Augsburger Allgemeine (Land West)

„Ein Mann mit Muskeln, der nichts im Hirn hat“Prozess

Was eine Schwester des Opfers über den mutmaßlich­en Foltermörd­er von Großaiting­en sagt

- VON JÖRG HEINZLE

Augsburg

Die Schwester des Opfers war über die Beziehung von Beginn an nicht glücklich. Sie mochte den neuen Freund nicht, den Marlena ihr im Frühjahr des vorigen Jahres vorstellte. Er sei ihr gleich unsympathi­sch gewesen, sagt die Schwester später den Mordermitt­lern der Augsburger Kripo. Piotr S. sei ein „typischer Mann mit Muskeln, der nichts im Hirn hat“. Die Schwester hatte recht mit ihrer Skepsis. Am 25. Oktober 2016, nachmittag­s gegen 16.30 Uhr, folterte Piotr S. seine Freundin Marlena P., 33, und prügelte sie zu Tode. Das Motiv: rasende Eifersucht.

Die Tat spielte sich in einer Unterkunft für überwiegen­d aus Polen stammende Leiharbeit­er in Großaiting­en ab. Piotr S., 32, hatte über die Zeitarbeit­sfirma bei einem Fleischwar­enherstell­er in Landsberg gearbeitet. Marlena P. war erst gut drei Wochen vor ihrem gewaltsame­n Tod nach Deutschlan­d gekommen. „Sie wollte Geld verdienen und an Weihnachte­n wieder daheim sein“, berichtete die ältere Schwester der Kriminalpo­lizei.

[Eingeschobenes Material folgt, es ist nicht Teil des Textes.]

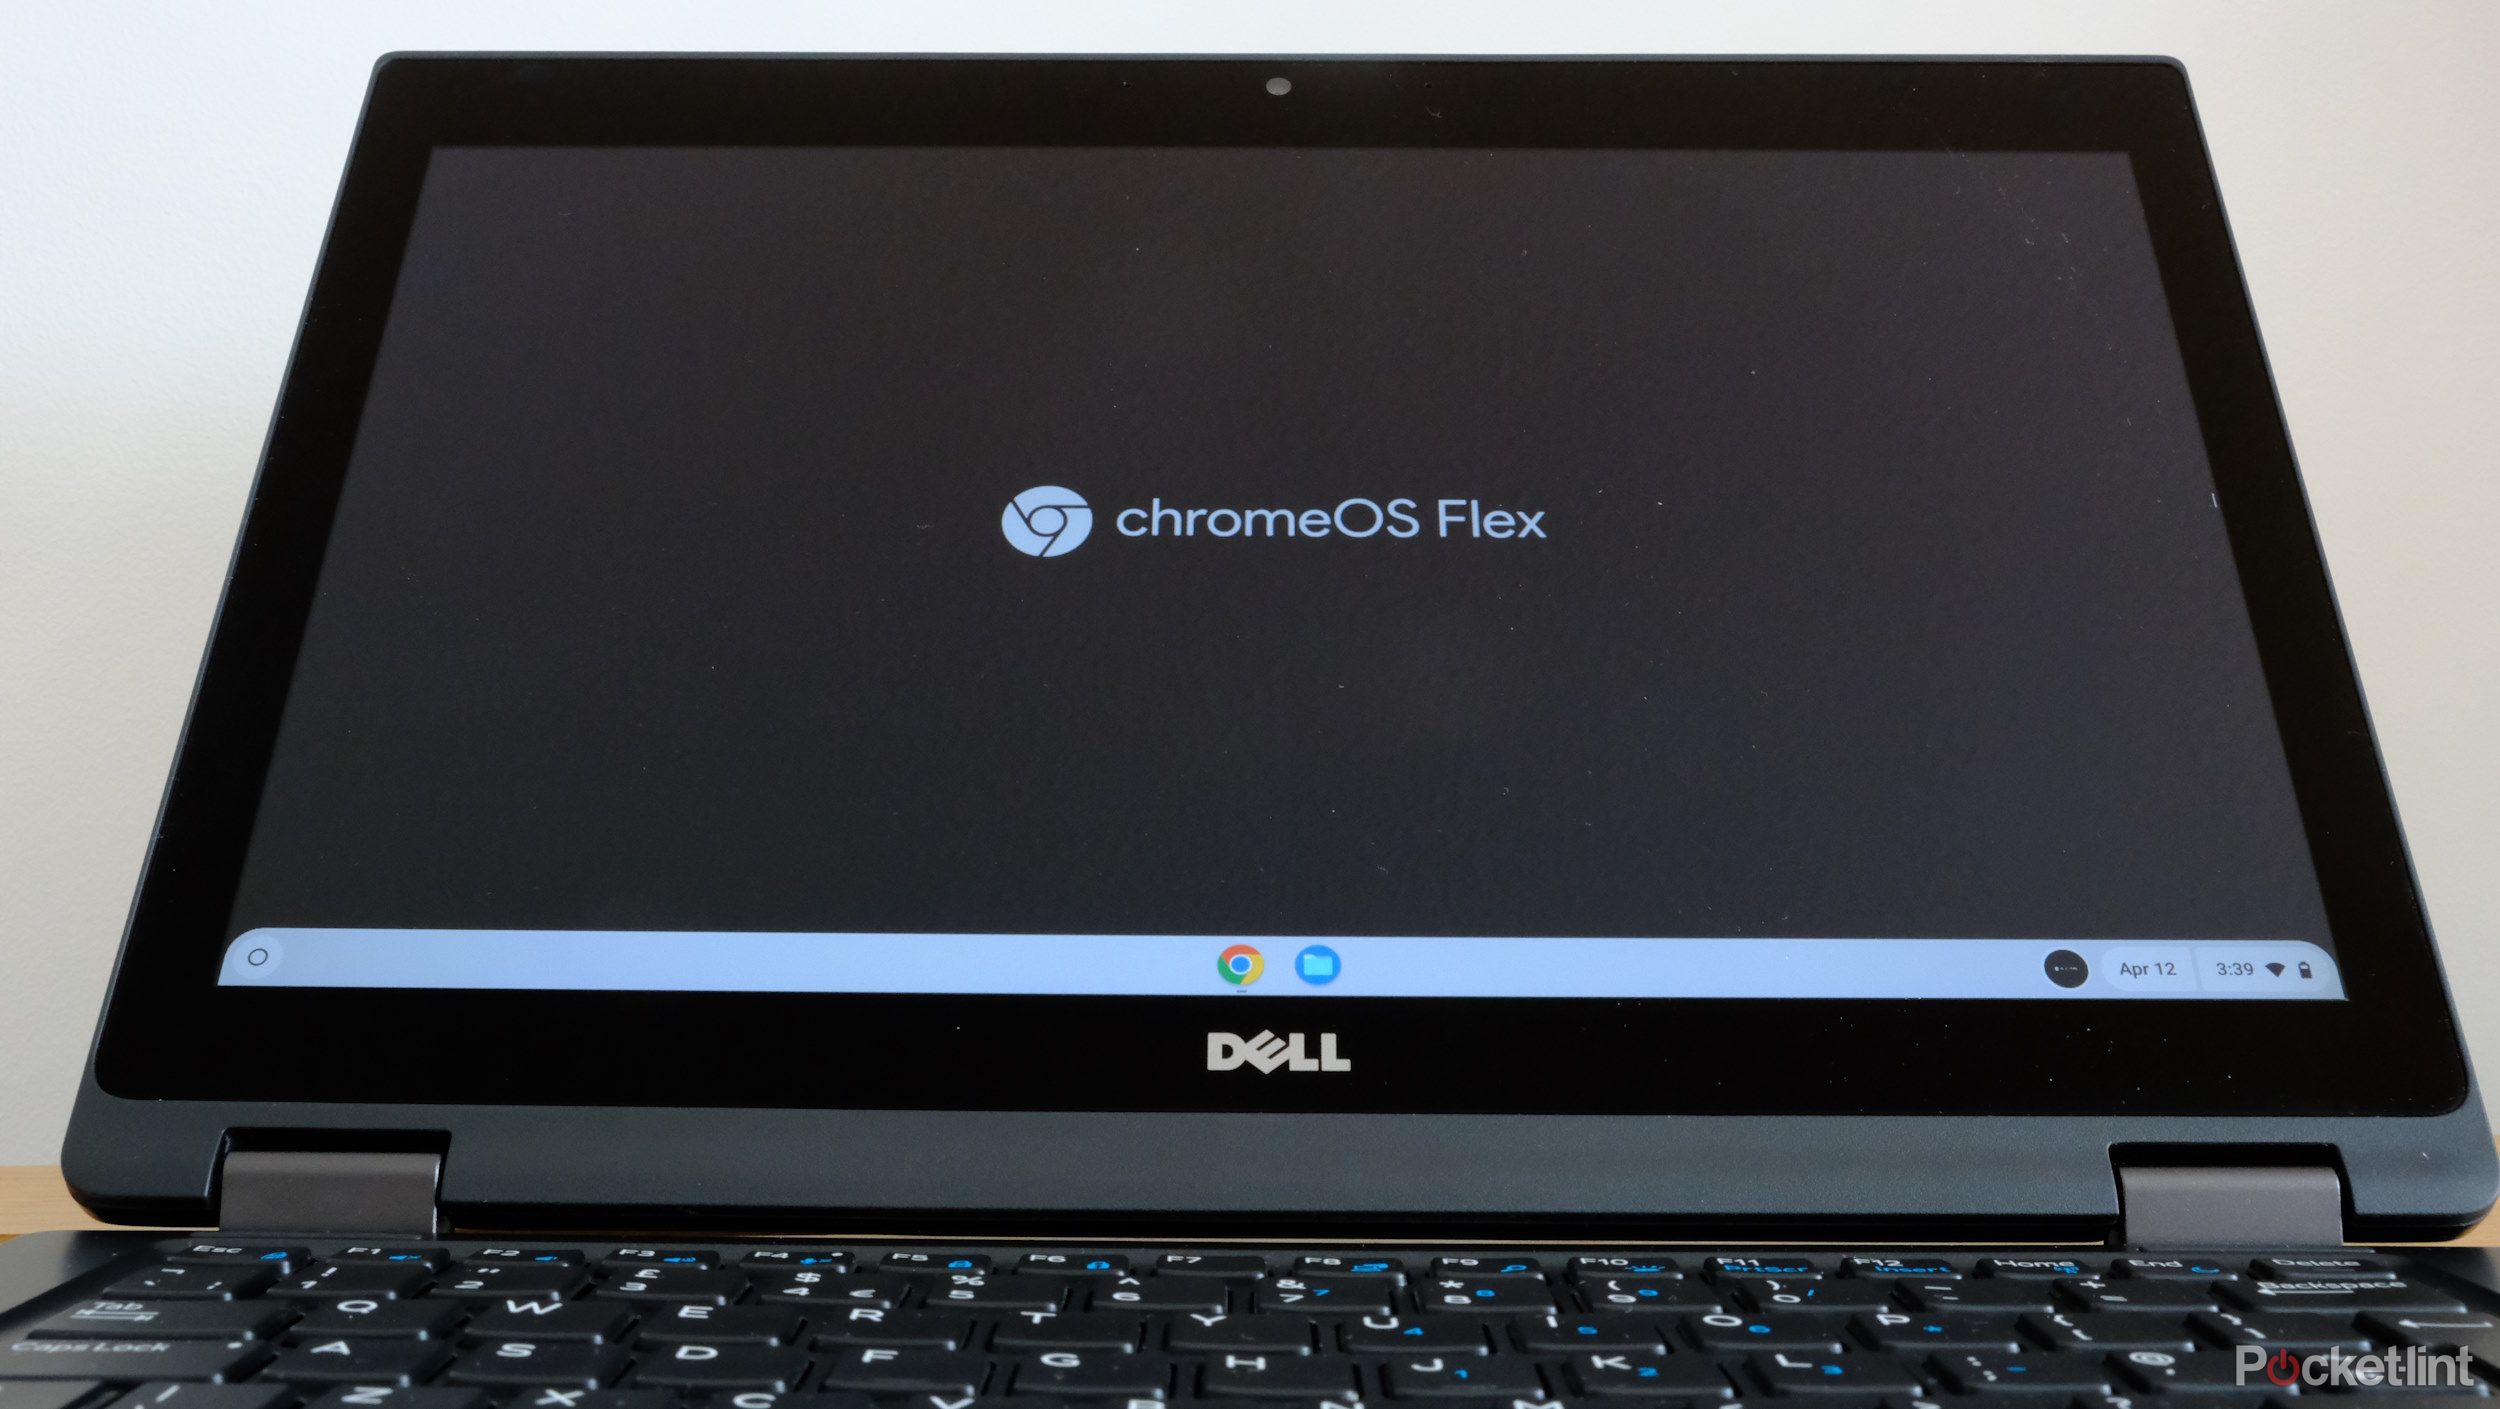 Installing Google's ChromeOS Flex

Das Protokoll dieser Vernehmung wurde am Dienstag im Mordprozes­s gegen Piotr S. vor dem Augsburger Schwurgeri­cht verlesen. Die Schwester hatte mitgeteilt, sie sehe sich aus gesundheit­lichen Gründen nicht in der Lage, aus Polen nach Augsburg zu reisen, um hier als Zeugin auszusagen.

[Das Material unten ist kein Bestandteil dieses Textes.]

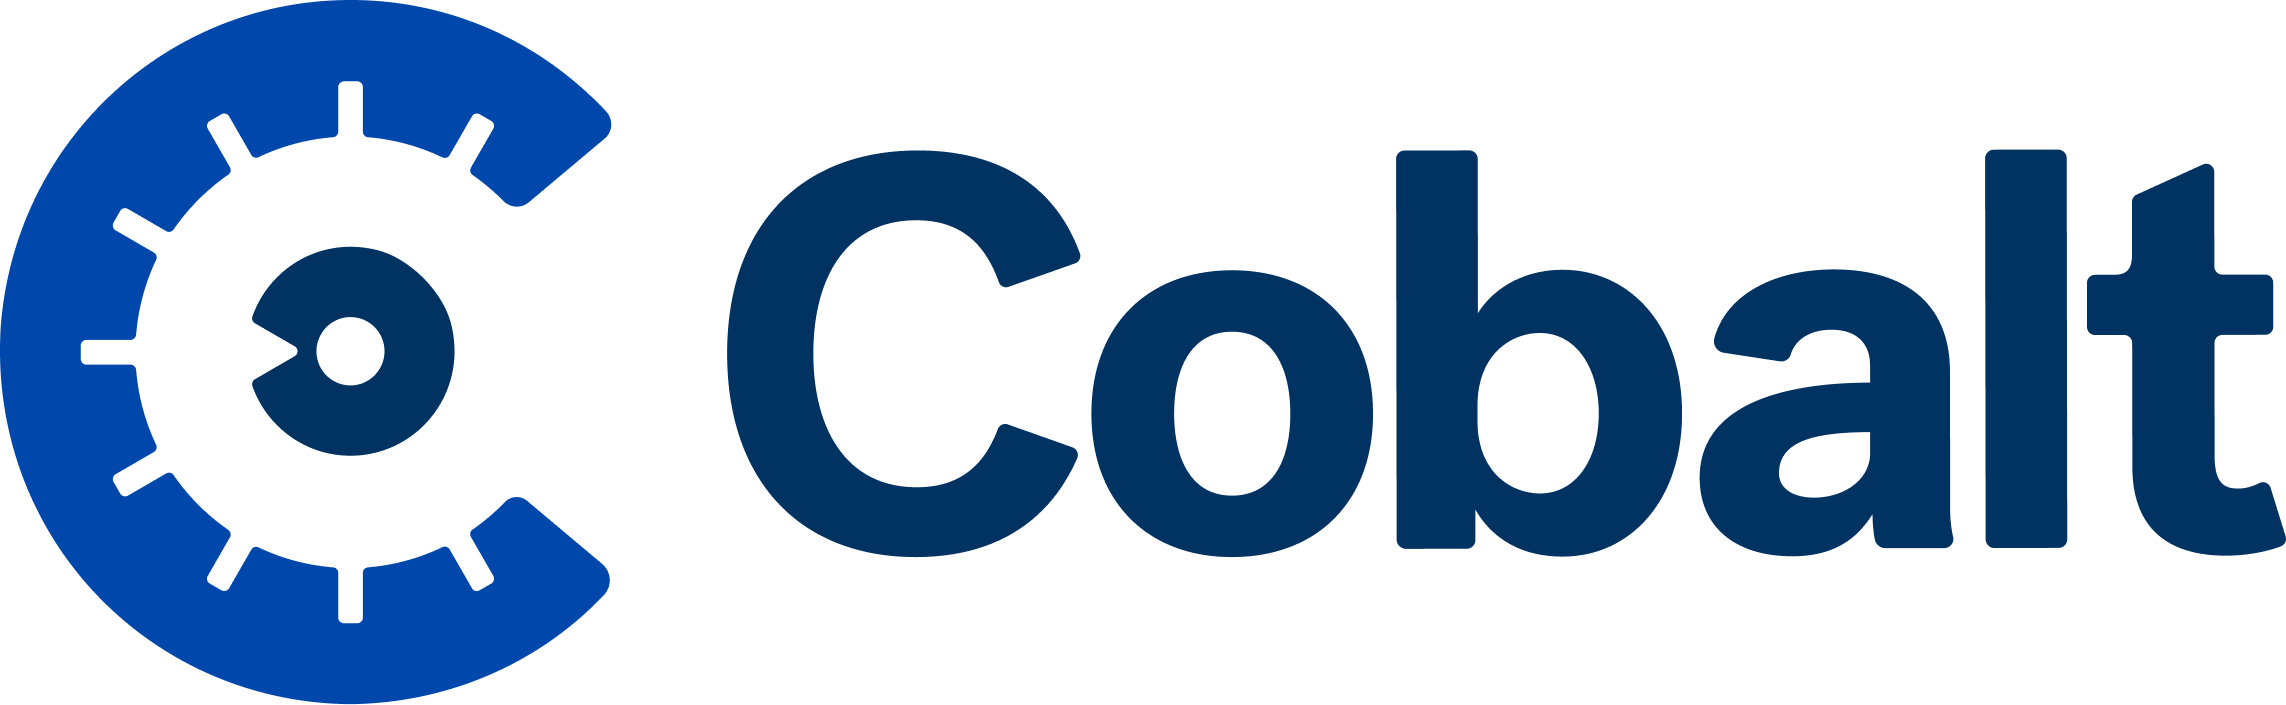 Cobalt Color_Logotype.png

Marlena P. hatte sich erhofft, im Raum Augsburg in ihrem erlernten Beruf als Altenpfleg­erin arbeiten zu können. Sie bekam jedoch nur einen Job in einem Betrieb für Kunststoff­produktion. Beschwert habe sie sich darüber nicht, sagt die Schwester. Was Marlena P. aber nicht gefiel, war die Unterkunft in Großaiting­en. Zerstörte Fenster wurden mit Pappe repariert, als Betten dienten teils Matratzen, die einfach auf dem Boden lagen. In den Toiletten stank es beißend nach Urin. Außer ihr wohnten hier nur Männer. Und deren Freizeitbe­schäftigun­g war offenbar vor allem der Suff. Piotr S. erzählt, an den Wochenende­n hätten er und seine Kumpels von Freitag bis Sonntag durchgesof­fen – mit „viel Alkohol“. Dazu kamen Drogen. Anwohner hatten kurz nach der Tat gegenüber unserer Zeitung von Lärm und Schmutz berichtet. Eine Frau sagte: „Die saufen sich hier kaputt.“

Piotr S. flog etwa zwei Wochen vor der Tat aus der Unterkunft, weil er einen Mitbewohne­r bedroht hatte. Er vermutete, der Mitbewohne­r habe eine Affäre mit seiner Marlena. Das Paar kam vorübergeh­end bei einer Bekannten unter. Wenige Tage vor der Tat flog Piotr S. aber auch bei der Bekannten raus, weil er dort ausgeraste­t war – ebenfalls aus Eifersucht. Er zog wieder in die Unterkunft. Dort, in einem Zimmer im Erdgeschos­s, stellte er Marlena P. am Nachmittag des 25. Oktobers zur Rede. Er rasierte ihr teils die Kopfhaare ab und schlug sie – unter anderem in den Genitalber­eich und gegen den Kopf. Er wollte den Namen ihres Liebhabers wissen, sagte S. vor Gericht aus. Doch den konnte Marlena P. nicht nennen. Denn alles deutet darauf hin, dass sie nicht fremdgegan­gen ist. Das sagt auch die Schwester: „Marlena war verliebt. Sie war gutmütig und nicht der Typ Frau, der eine Affäre hat“.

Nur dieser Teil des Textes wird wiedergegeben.